LAG and LEAD — Looking at Neighboring Rows
LAG looks at the previous row. LEAD looks at the next row. These are incredibly useful for comparisons over time.
-- Compare each month's revenue with the previous month
SELECT
month,
revenue,
LAG(revenue) OVER (ORDER BY month) AS prev_month,
revenue - LAG(revenue) OVER (ORDER BY month) AS change
FROM monthly_revenue;
-- Result:
-- month | revenue | prev_month | change
-- Jan | 10000 | NULL | NULL
-- Feb | 12000 | 10000 | 2000
-- Mar | 11000 | 12000 | -1000
-- Apr | 15000 | 11000 | 4000
-- LAG with a default value (avoid NULLs for the first row)
LAG(revenue, 1, 0) OVER (ORDER BY month)
-- ^ ^
-- | └── default value if no previous row
-- └── how many rows back to look
Running Totals with SUM() OVER()
This is a classic use case — compute a cumulative sum as we move through rows.
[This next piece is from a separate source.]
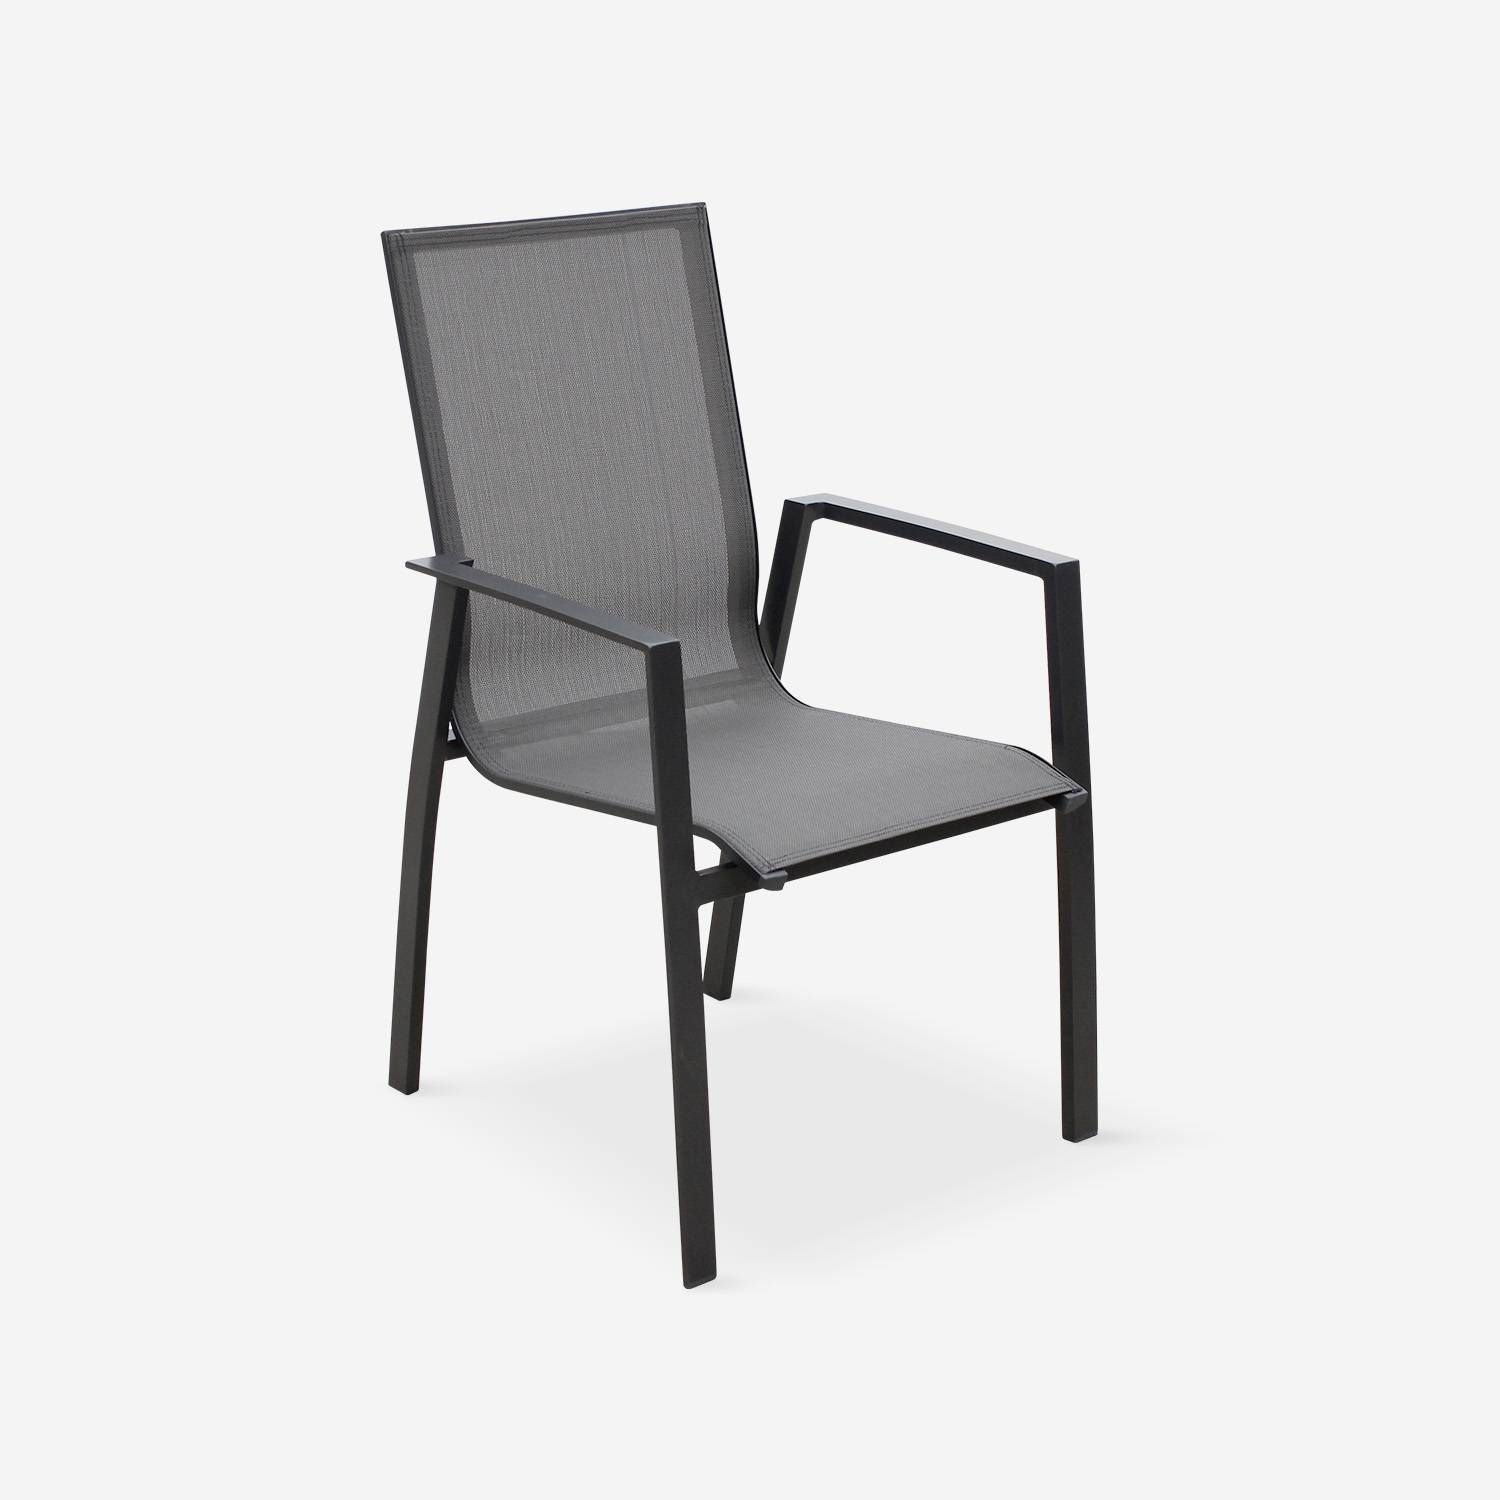 Coppia di sedie Washington Antracite/ Grigio scuro in alluminio antracite e textilene colore grigio scuro, impilabili,sweeek,Photo2

-- Running total of daily sales
SELECT
order_date,
amount,
SUM(amount) OVER (ORDER BY order_date) AS running_total
FROM orders;
-- Result:
-- order_date | amount | running_total
-- Jan 1 | 100 | 100
-- Jan 2 | 250 | 350
-- Jan 3 | 175 | 525
-- Jan 4 | 300 | 825
We can also do running totals per group:
-- Running total per department
SELECT
department,
order_date,
amount,
SUM(amount) OVER (
PARTITION BY department
ORDER BY order_date
) AS dept_running_total
FROM orders;
Moving Averages with Frame Clauses
We can define a “window frame” — a sliding window of rows:
-- 3-day moving average
SELECT
order_date,
amount,
AVG(amount) OVER (
ORDER BY order_date
ROWS BETWEEN 2 PRECEDING AND CURRENT ROW -- current + 2 previous
) AS moving_avg_3day
FROM orders;
Common Real-World Patterns
-- Percentage of total
SELECT
department,
salary,
salary * 100.0 / SUM(salary) OVER () AS pct_of_total
FROM employees;
-- Find duplicates (keep one, mark the rest)
WITH numbered AS (
SELECT *,
ROW_NUMBER() OVER (PARTITION BY email ORDER BY id) AS rn
FROM users
)
DELETE FROM users WHERE id IN (
SELECT id FROM numbered WHERE rn > 1
);
Interview Tip
Window functions are a favorite topic in SQL interviews because they separate people who know basic SQL from those who know it well. Practice the “top N per group” pattern (ROW_NUMBER + CTE + WHERE rn <= N) — it comes up constantly. Also, be ready to explain the difference between ROW_NUMBER, RANK, and DENSE_RANK with a tie scenario.